La suite spectrale de Hodge-Tate

TL;DR

This paper revisits Faltings' p-adic Hodge theory using the Hodge-Tate spectral sequence, clarifying its construction, abutment, and initial terms to deepen understanding of p-adic cohomology comparisons.

Contribution

It provides a detailed analysis of the Hodge-Tate spectral sequence, connecting it to Faltings' comparison theorems and elucidating its relation to differential forms and the Cartier isomorphism.

Findings

Clarifies the construction of the Hodge-Tate spectral sequence.

Links the spectral sequence to Faltings' comparison theorems.

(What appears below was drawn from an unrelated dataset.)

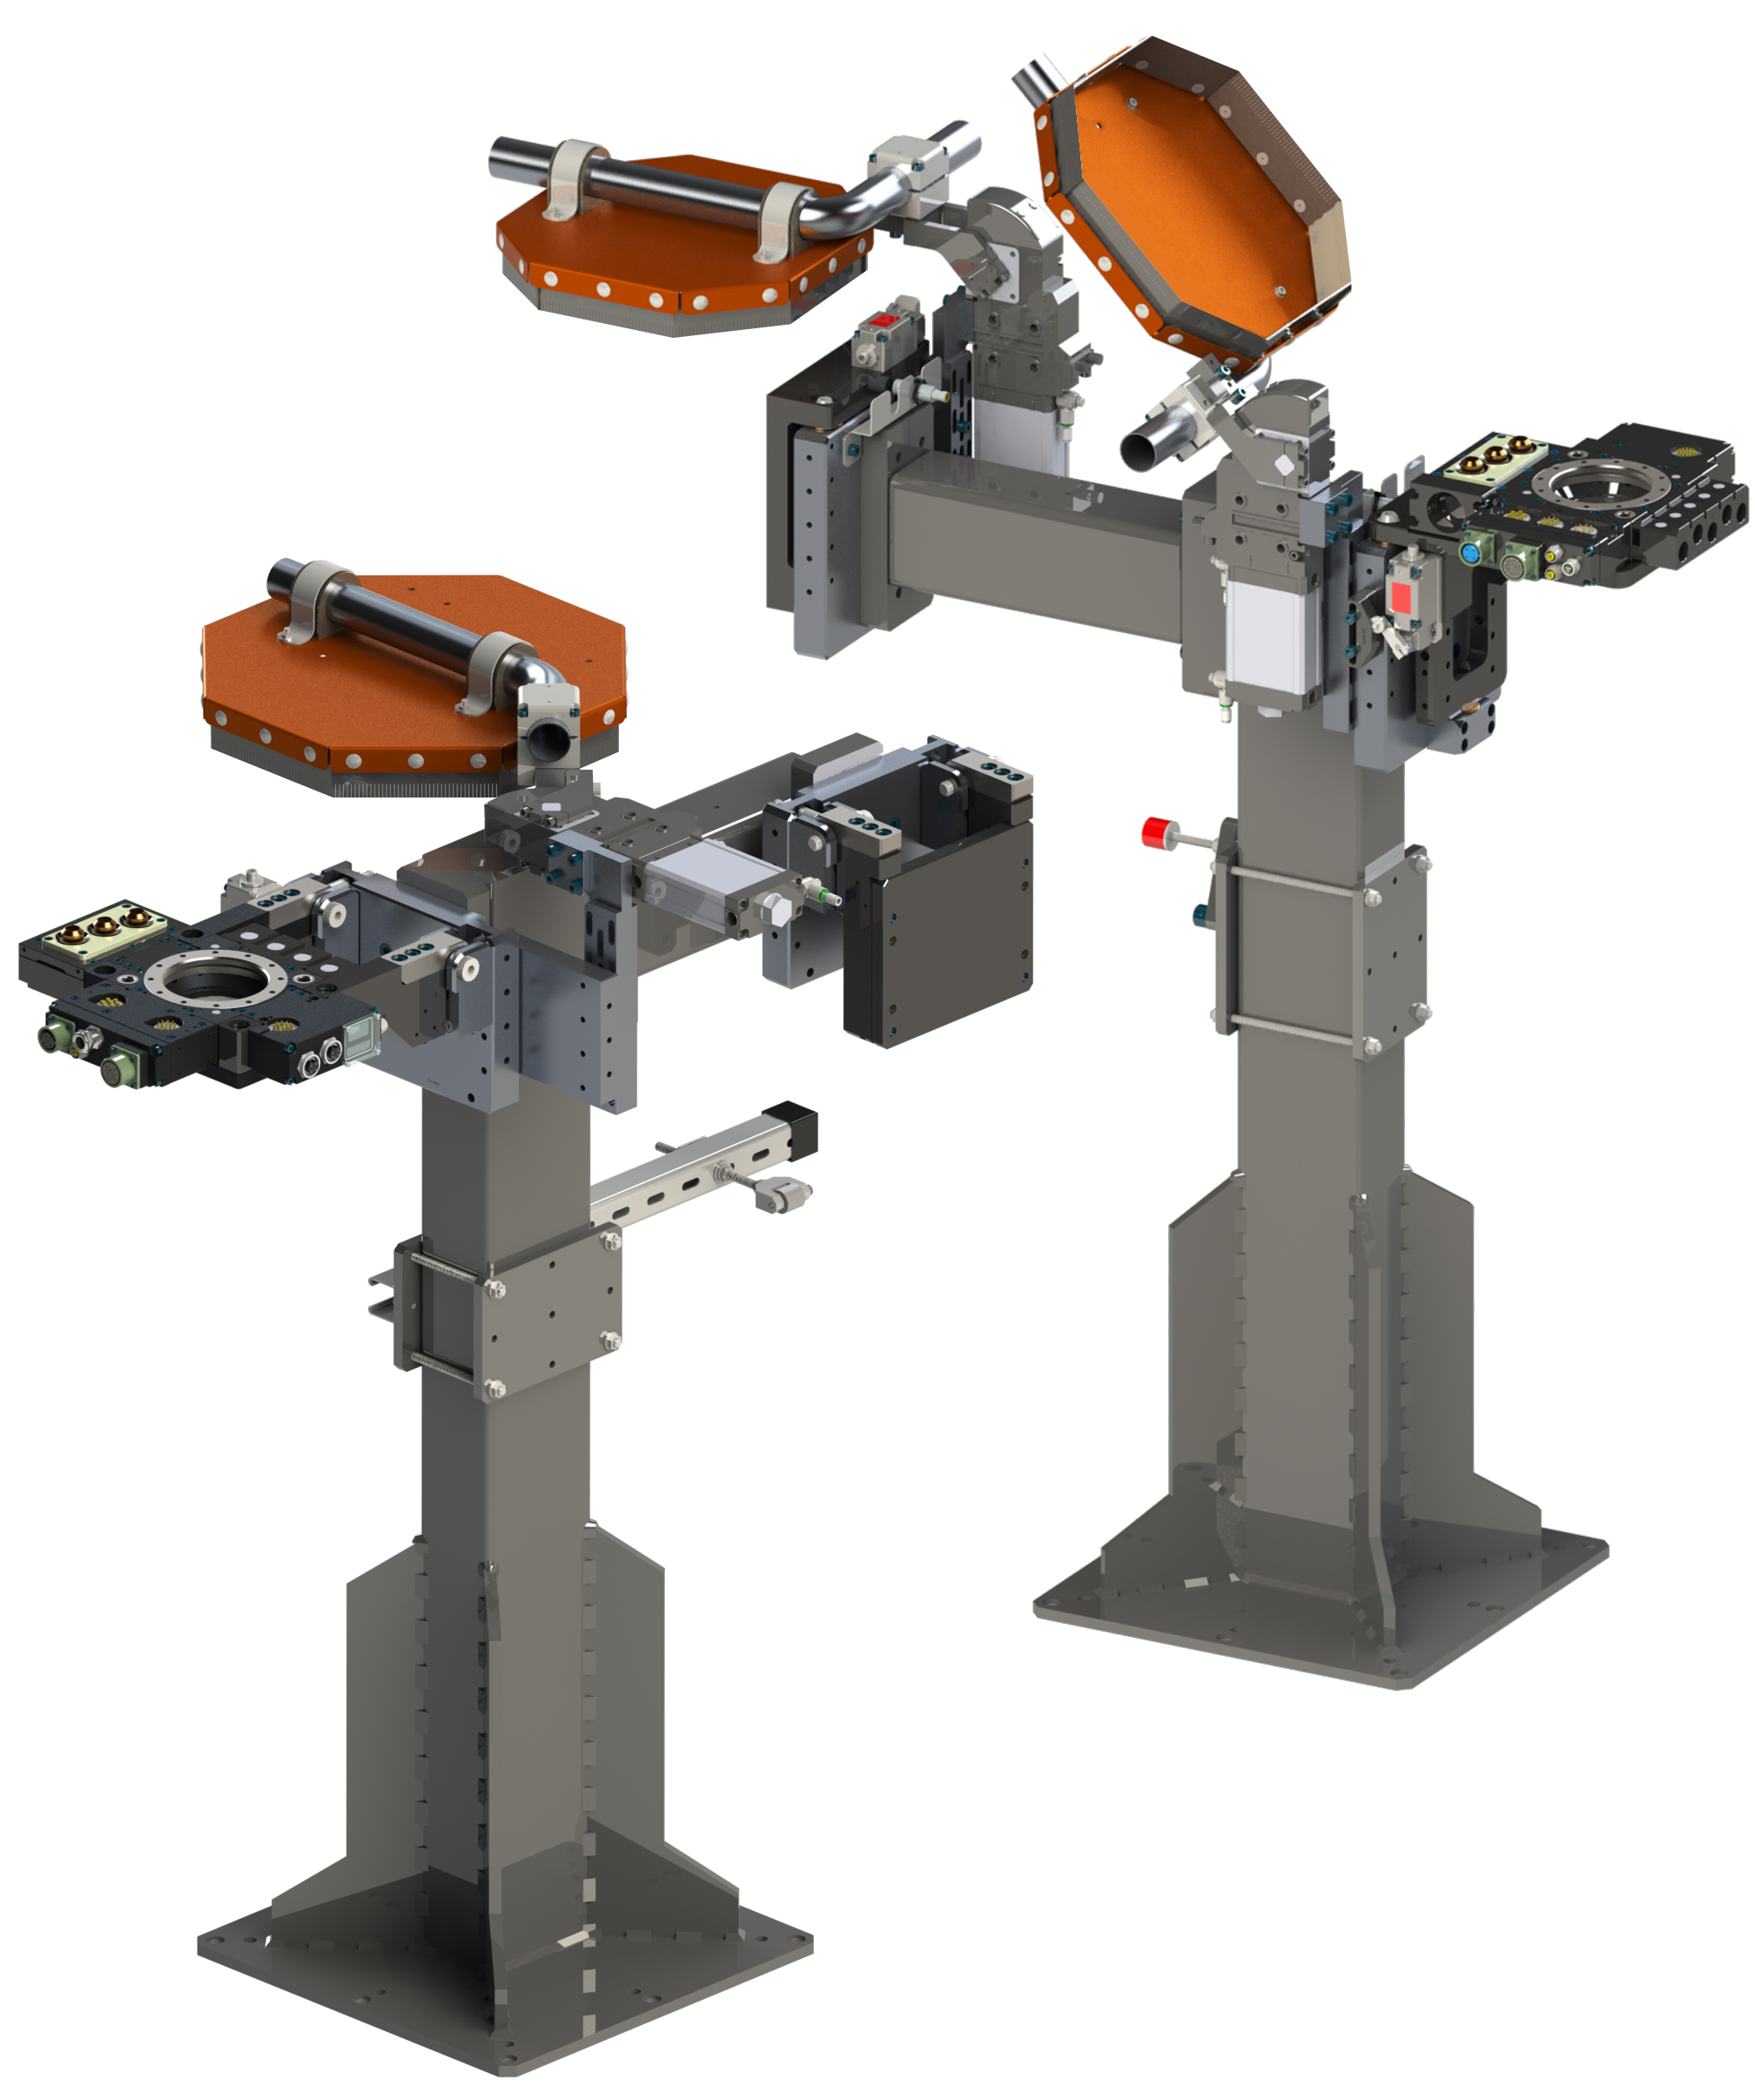 ATI Robot Tool Stand for storage of robotic end effector tooling.

Relates the initial term to the sheaf of differential forms.

Abstract

The Hodge-Tate spectral sequence for a proper smooth variety over a p-adic field provides a framework for us to revisit Faltings' approach to p-adic Hodge theory and to fill in many details. The spectral sequence is obtained from the Cartan-Leray spectral sequence for the canonical projection from the Faltings topos to the \'etale topos of an integral model of the variety. Its abutment is computed by Faltings' main comparison theorem from which derive all comparison theorems between p-adic \'etale cohomology and other p-adic cohomologies, and its initial term is related to the sheaf of differential forms by a construction reminiscent of the Cartier isomorphism.